Population in 2017 = $P \times \Big(1 + \dfrac{r}{100}\Big)^n$

Substituting the values in formula,

$\text{Population in 2017} = 20800 \times \Big(1 + \dfrac{5}{100}\Big)^1 \\[1em] =20800 \times \Big(\dfrac{100 + 5}{100}\Big)^1 \\[1em] =20800 \times \Big(\dfrac{105}{100}\Big)^1 \\[1em] =20800 \times (1.05)\\[1em] =21840.$

The difference in population at the end of the years 2017 and 2015 = 21840 - 20000 = 1840.

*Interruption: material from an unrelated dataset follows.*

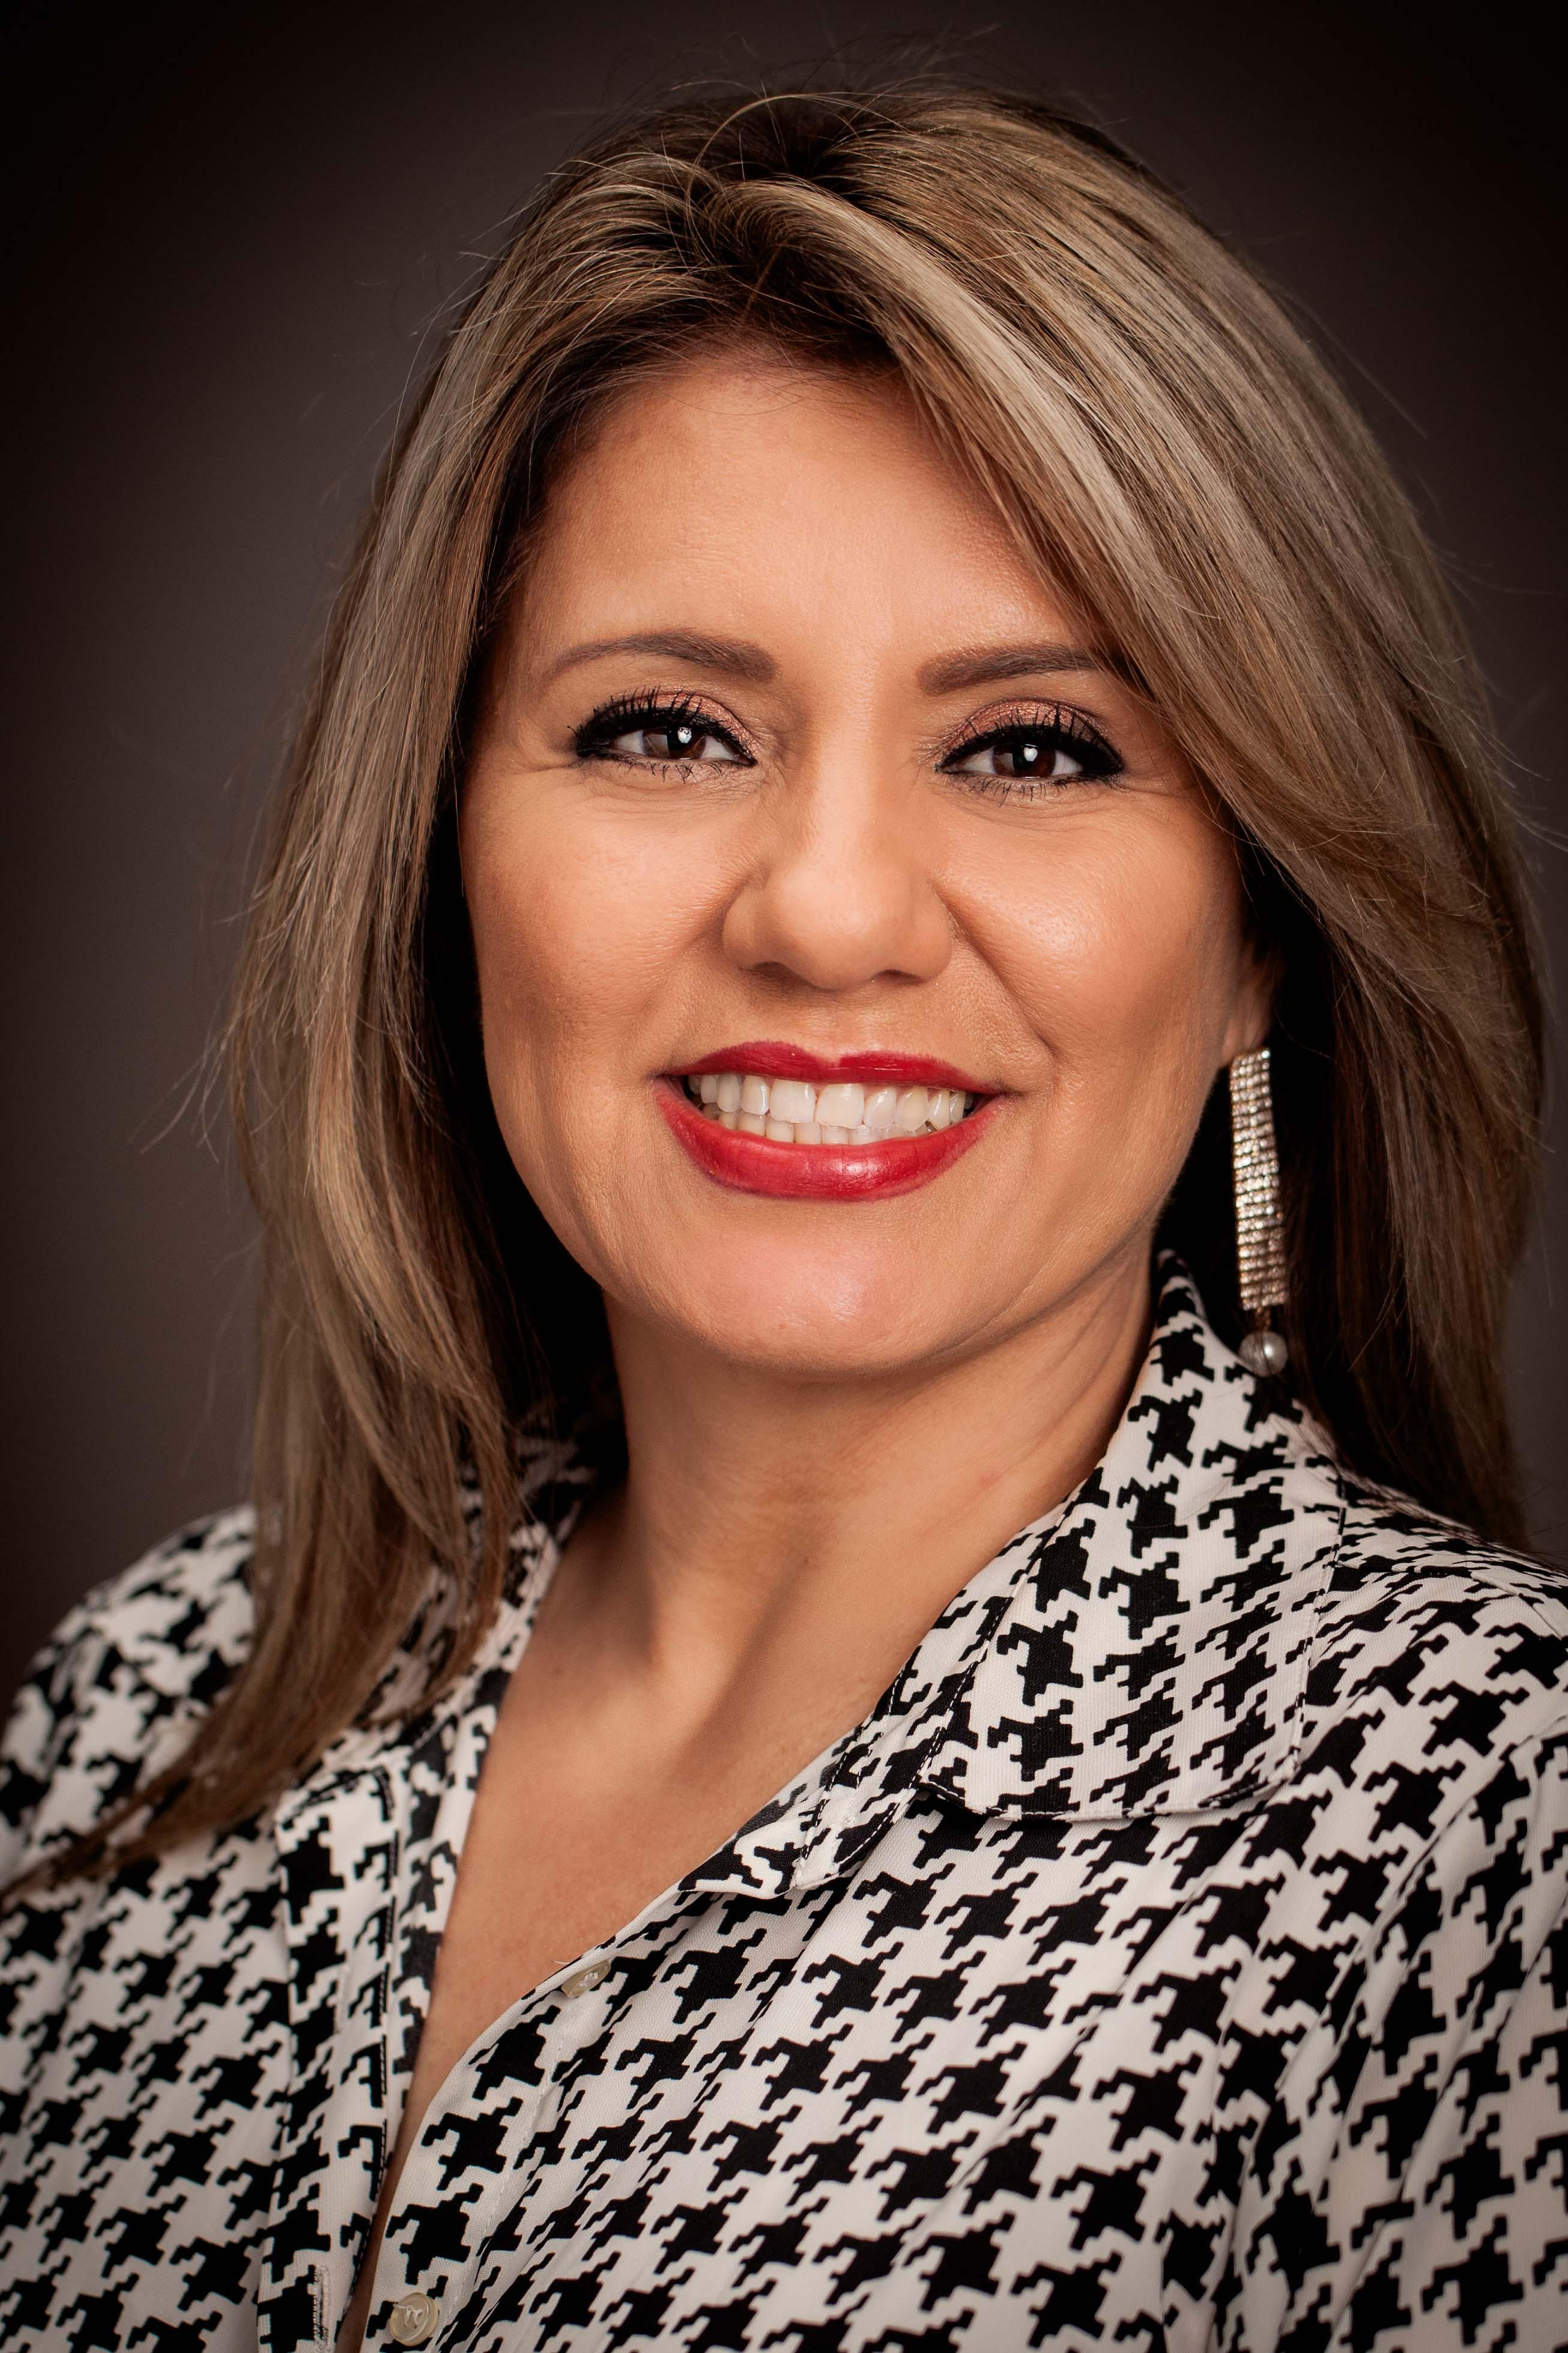 Ivette Sanchez Photo
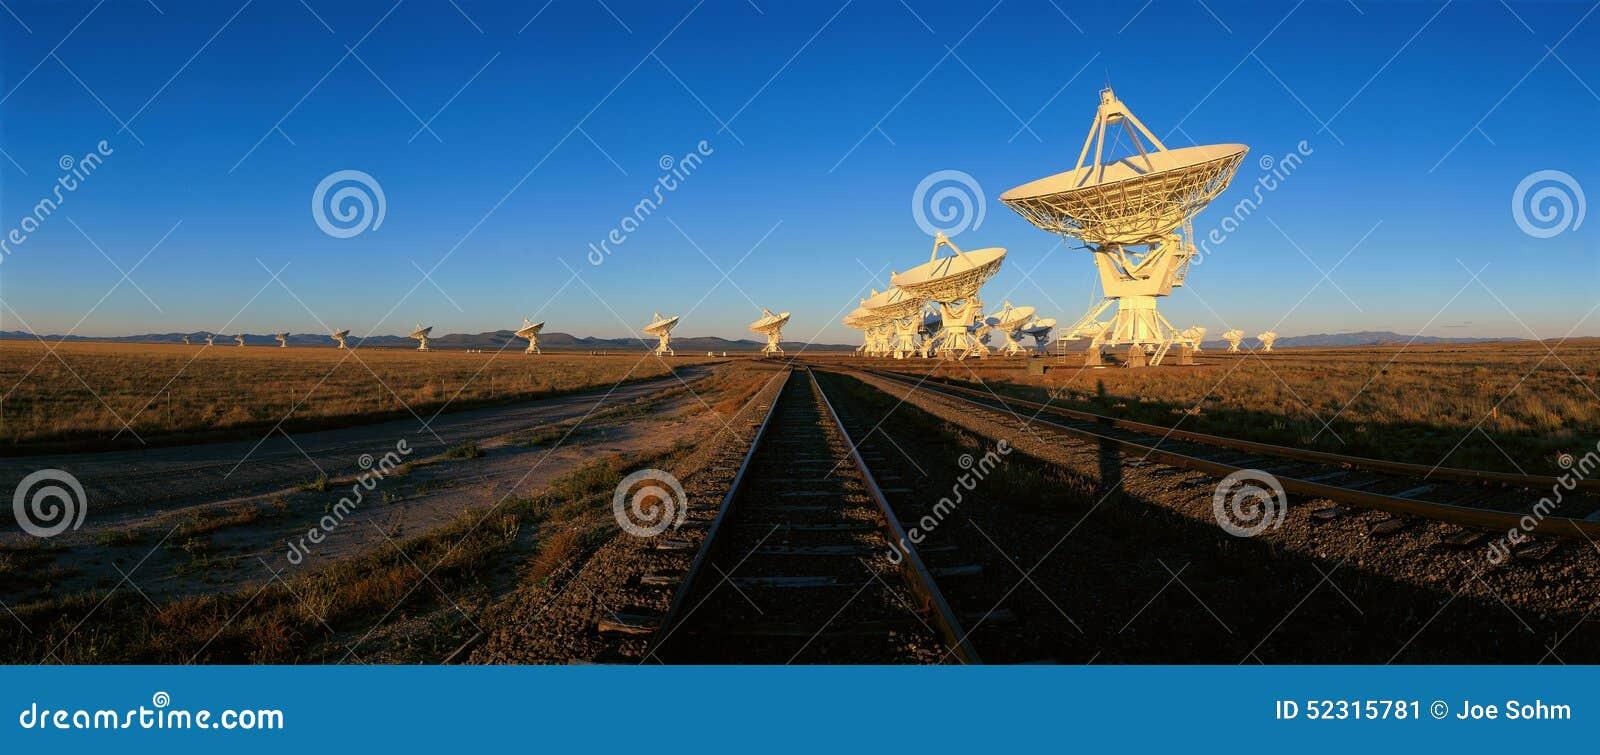 Pratos do telescópio de rádio no obervatório nacional da astronomia de rádio em Socorro, nanômetro

Hence, option (d) is correct option.

3. Given,

Population (in 2017) = 21840

r (decrease) = 5% p.a.

n = 1 year

By formula,

Population in 2018 = $P \times \Big(1 - \dfrac{r}{100}\Big)^n$

Substituting the values in formula,

$\text{Population in 2018}=21840 \times \Big(1 - \dfrac{5}{100}\Big)^1 \\[1em] =21840 \times \Big(\dfrac{100 - 5}{100}\Big)^1 \\[1em] =21840 \times \Big(\dfrac{95}{100}\Big)^1 \\[1em] =21840 \times (0.95)\\[1em] =20748.$

Hence, option (c) is correct option.

4. Given,

P = ₹ 20,000

r₁ = 4%

r₂ = 5%

r₃ = 5% (decrease)

By formula,

Population at the end = $P \times \Big(1 + \dfrac{r$1}{100}\Big) \times \Big(1 + \dfrac{r2}{100}\Big) \times \Big(1 - \dfrac{r_3}{100}\Big)

Substituting the values in formula,

$\Rightarrow \text{Population at the end of year 2018} = 20000 \times \Big(1 + \dfrac{4}{100}\Big) \times \Big(1 + \dfrac{5}{100}\Big) \times \Big(1 - \dfrac{5}{100}\Big) \\[1em] = 20000 \times \Big(\dfrac{100 + 4}{100}\Big) \times \Big(\dfrac{100 + 5}{100}\Big) \times \Big(\dfrac{100 - 5}{100}\Big) \\[1em] = 20000 \times \Big(\dfrac{104}{100}\Big) \times \Big(\dfrac{105}{100}\Big) \times \Big(\dfrac{95}{100}\Big)$

Hence, option (b) is correct option.

5. Given,

A (population in 2019) = 21,163

P (population in 2018) = 20,748

n = 1 year

By formula,

A = $P \times \Big(1 + \dfrac{r}{100}\Big)^n$

Substituting the values in formula,

$\Rightarrow 21163 = 20748 \times \Big(1 + \dfrac{R}{100}\Big)^1 \\[1em] \Rightarrow \dfrac{21163}{20748} = \Big(1 + \dfrac{R}{100}\Big)^1 \\[1em] \Rightarrow 1.02 = \Big(1 + \dfrac{R}{100}\Big)^1 \\[1em] \Rightarrow 1.02 - 1 = (\dfrac{R}{100}) \\[1em] \Rightarrow 0.02 = (\dfrac{R}{100}) \\[1em] \Rightarrow 0.02 \times 100 = R \\[1em] \Rightarrow R = 2\%$

Hence, option (a) is correct option.